### WHAT TO WORK ON
Output the data word for word, dropping every image.

===== PROVIDED MATERIAL =====

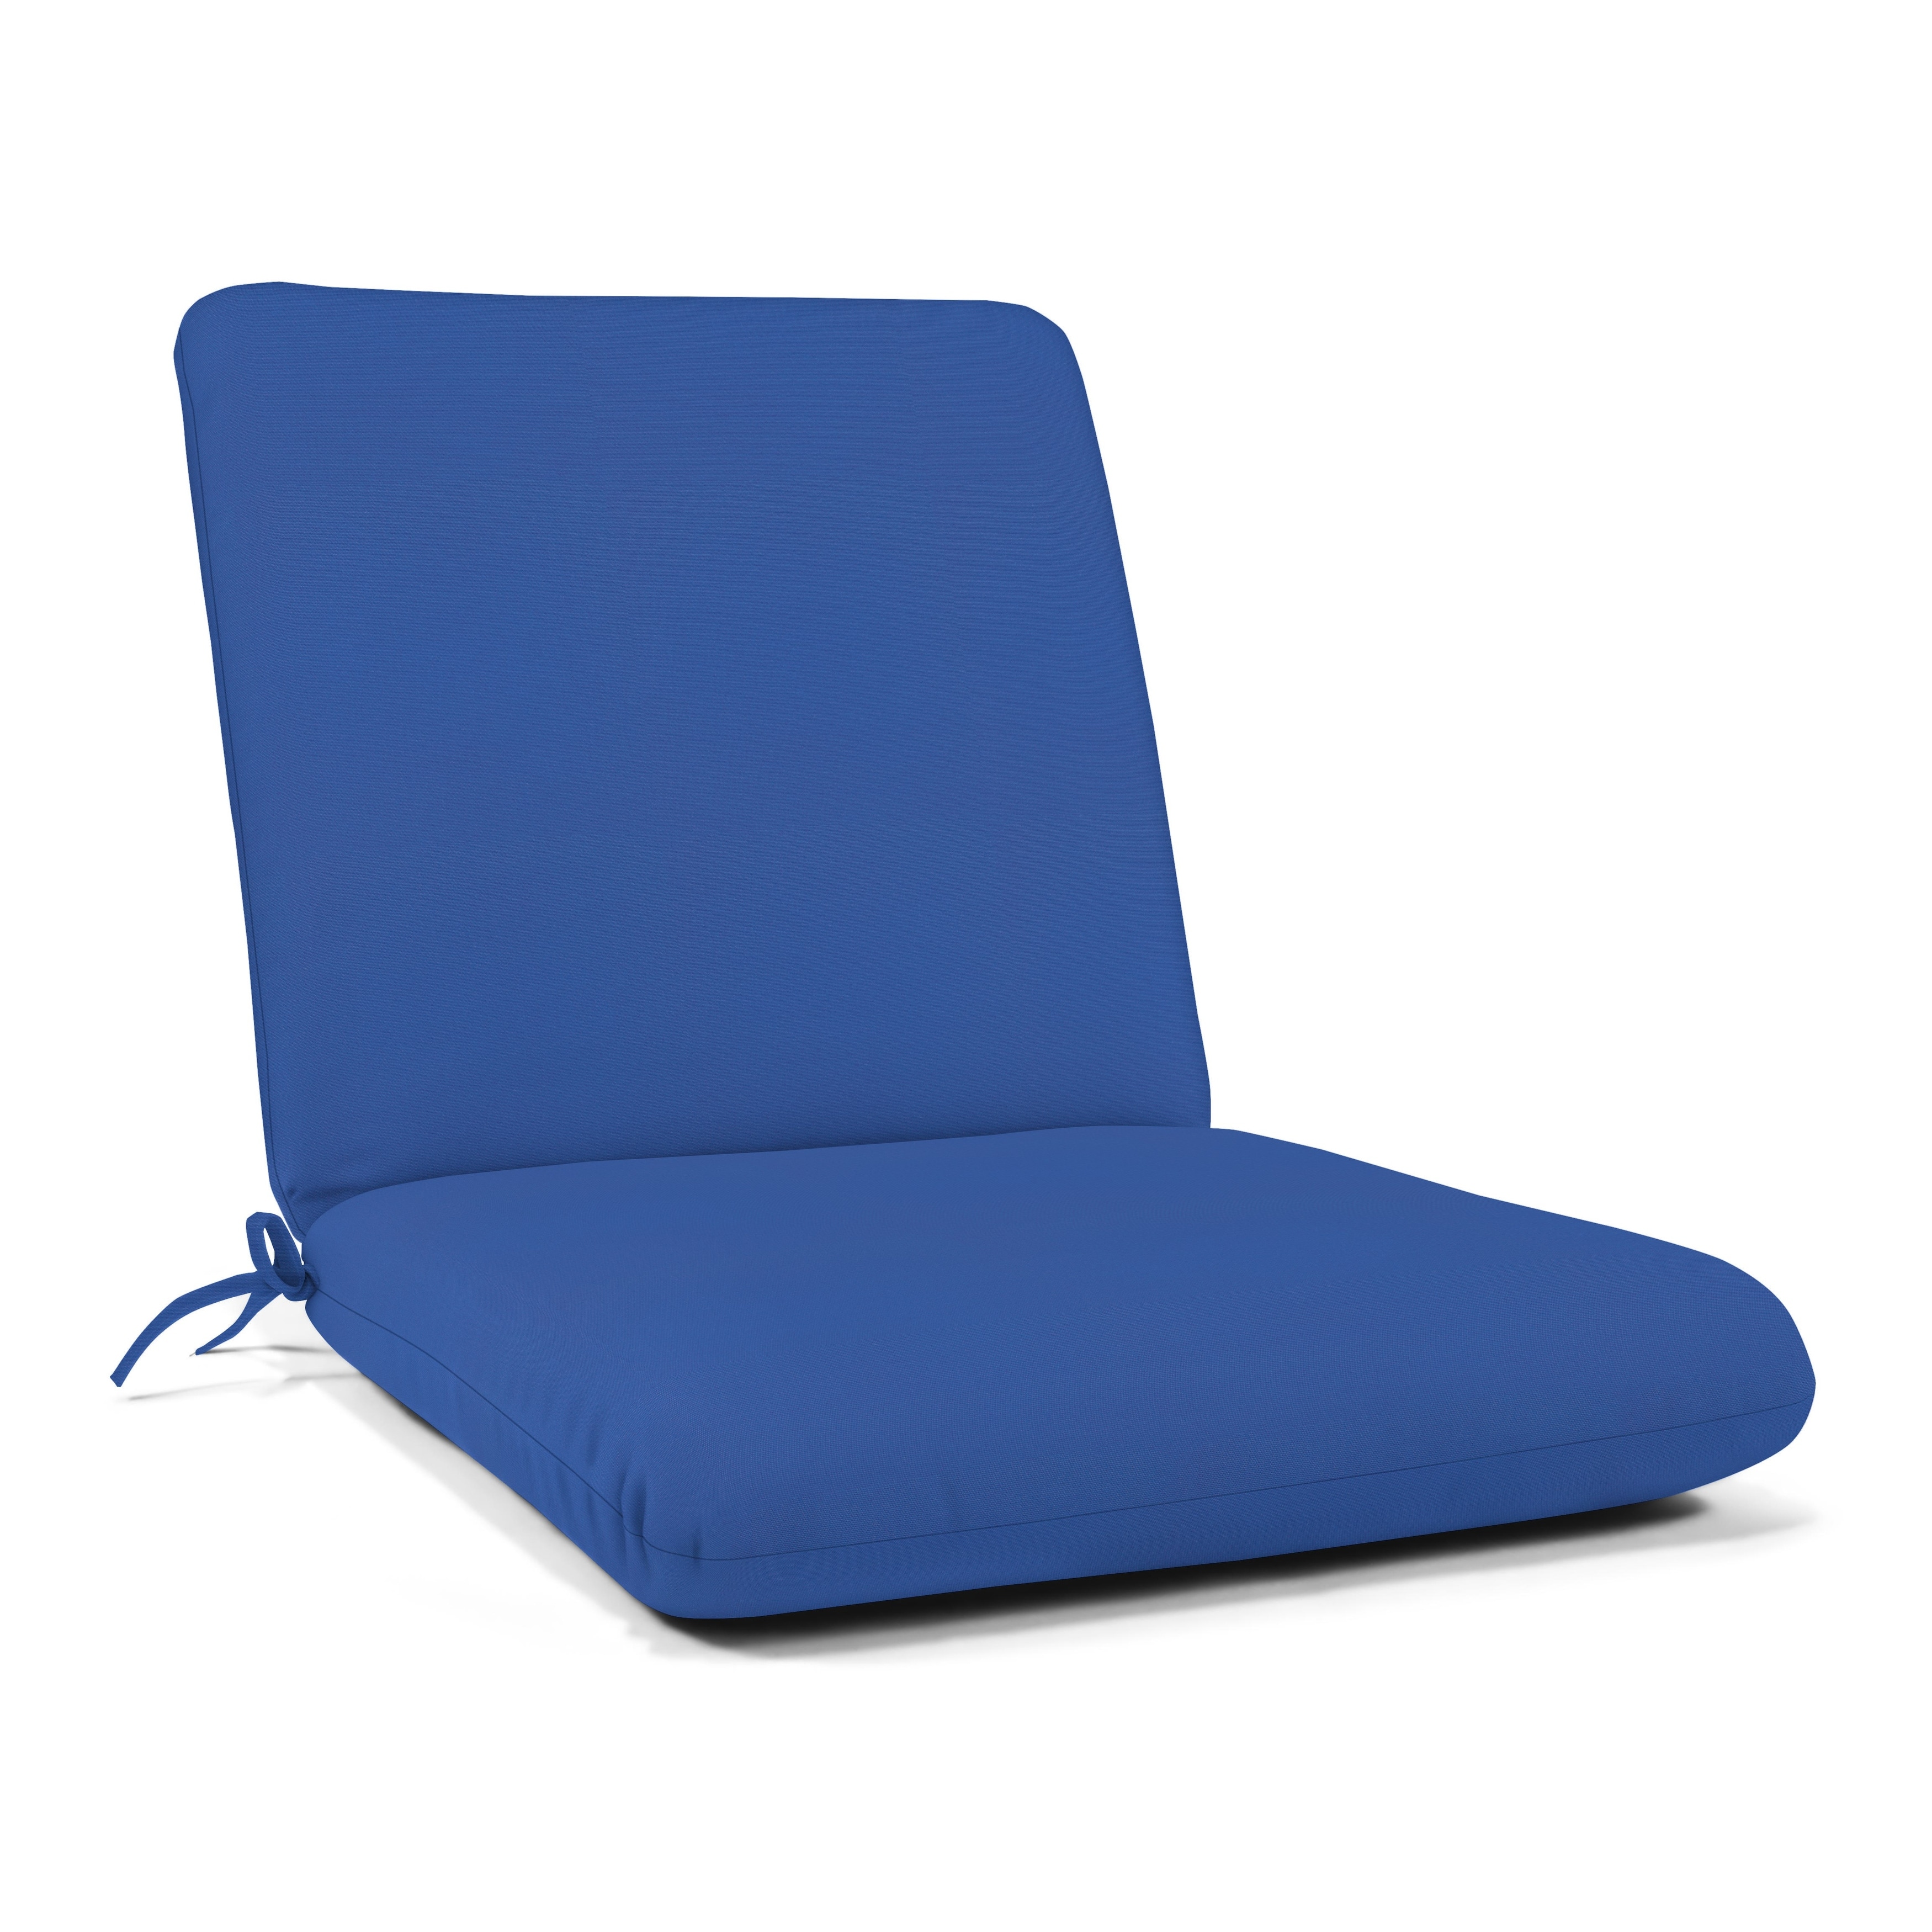 Green Chair Cushion x 2 In D x 18 In Casual Cushion 19 In H W 
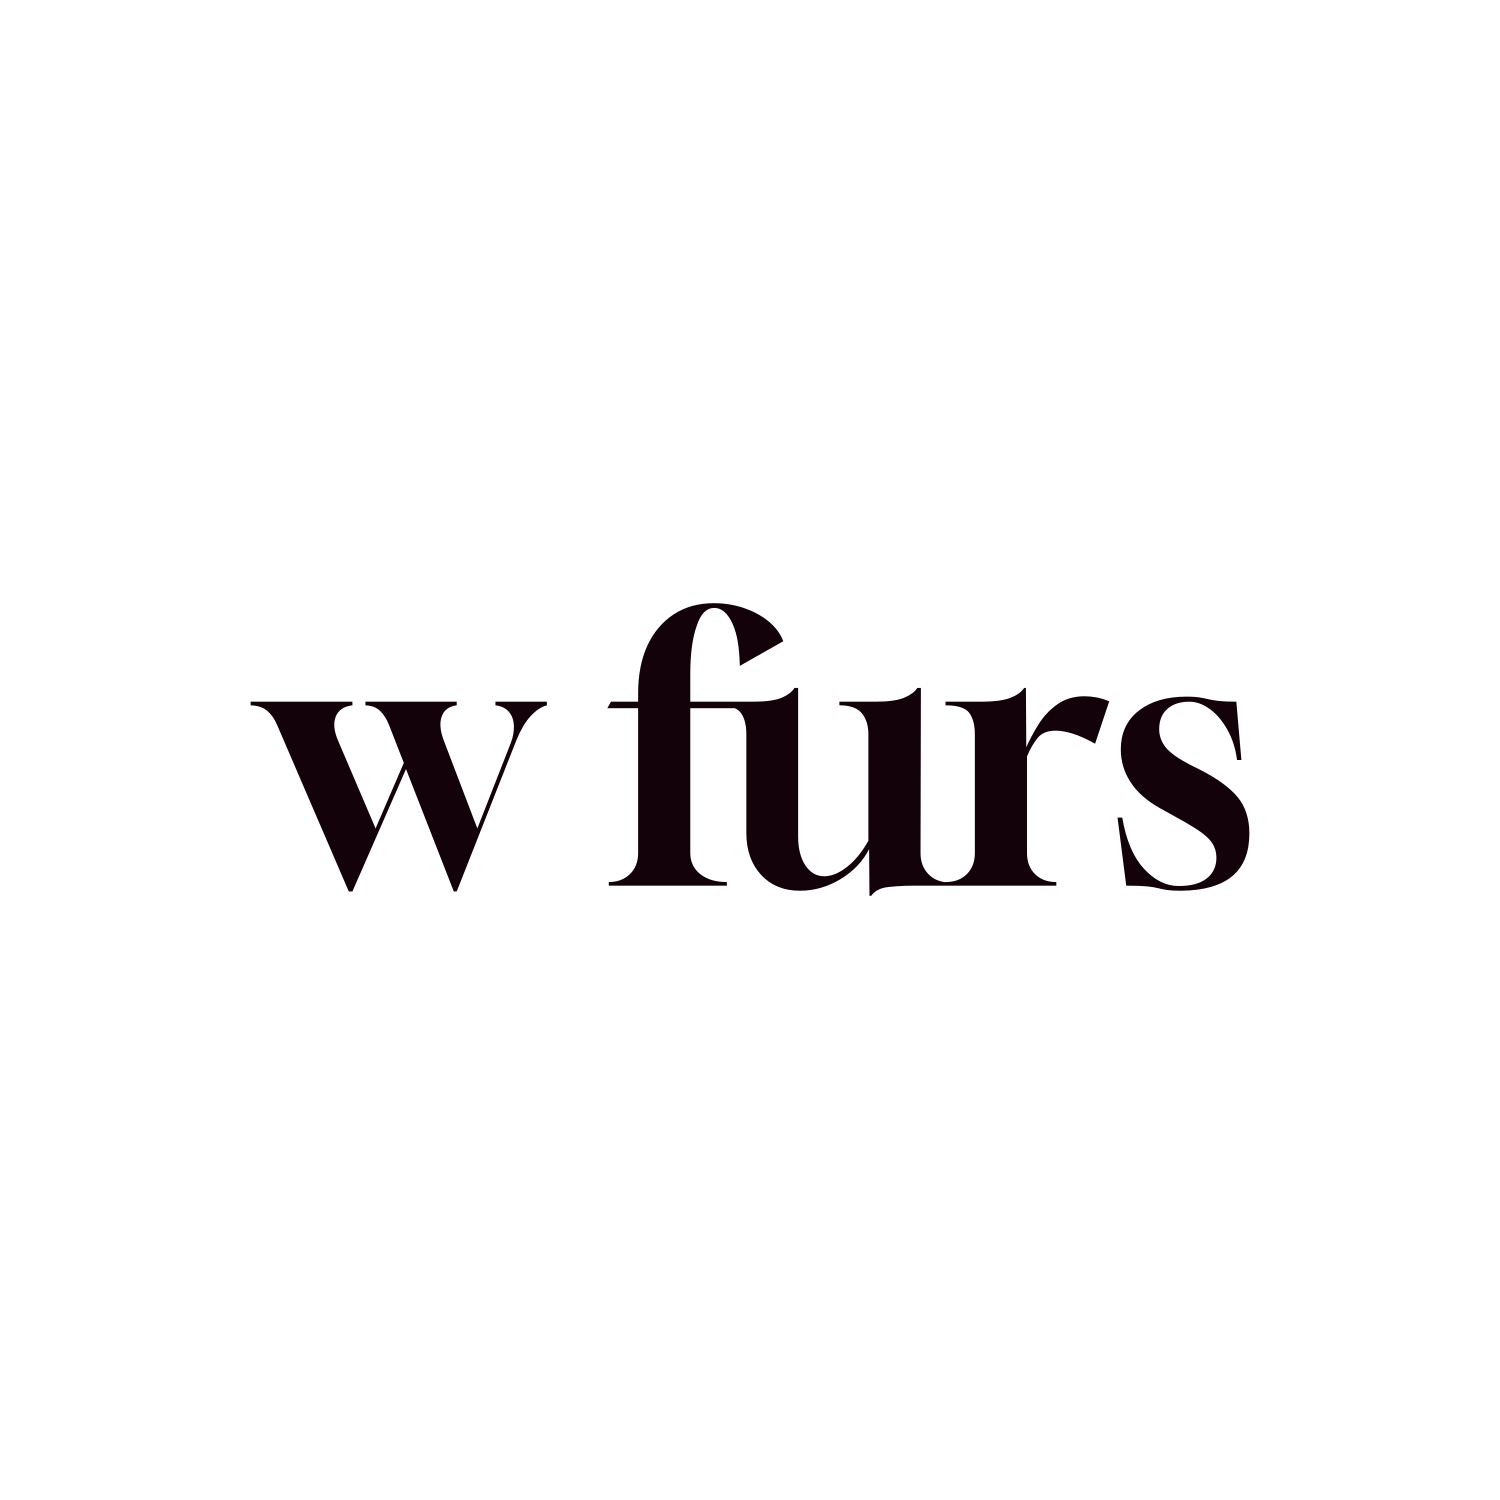 wfurs logo
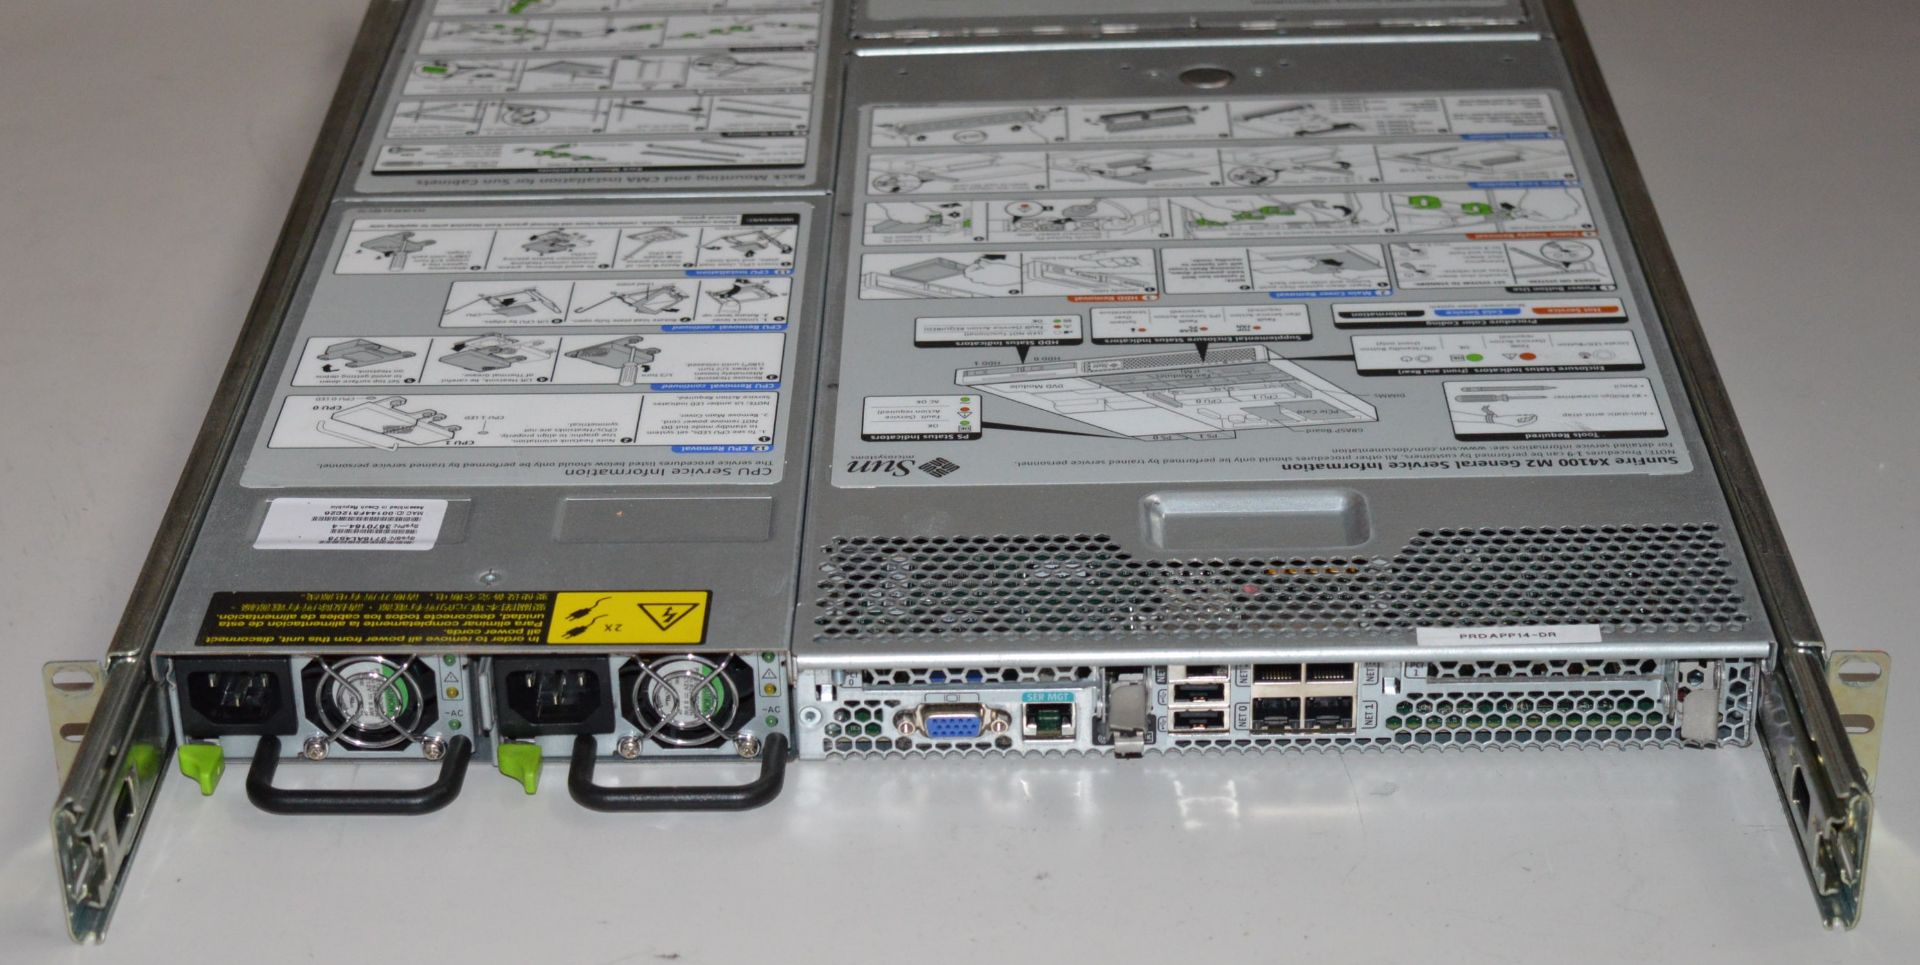 1 x Sun Fire X4100 M2 Server - 2nd Gen Opteron 2220 2.8 GHz Dual-Core - 8 GB - Rack-mountable 1U - - Image 4 of 5

=====

### ANSWER FOR THIS EXERCISE
 Green Chair Cushion x 2 In D x 18 In Casual Cushion 19 In H W 
 wfurs logo
 1 x Sun Fire X4100 M2 Server - 2nd Gen Opteron 2220 2.8 GHz Dual-Core - 8 GB - Rack-mountable 1U - - Image 4 of 5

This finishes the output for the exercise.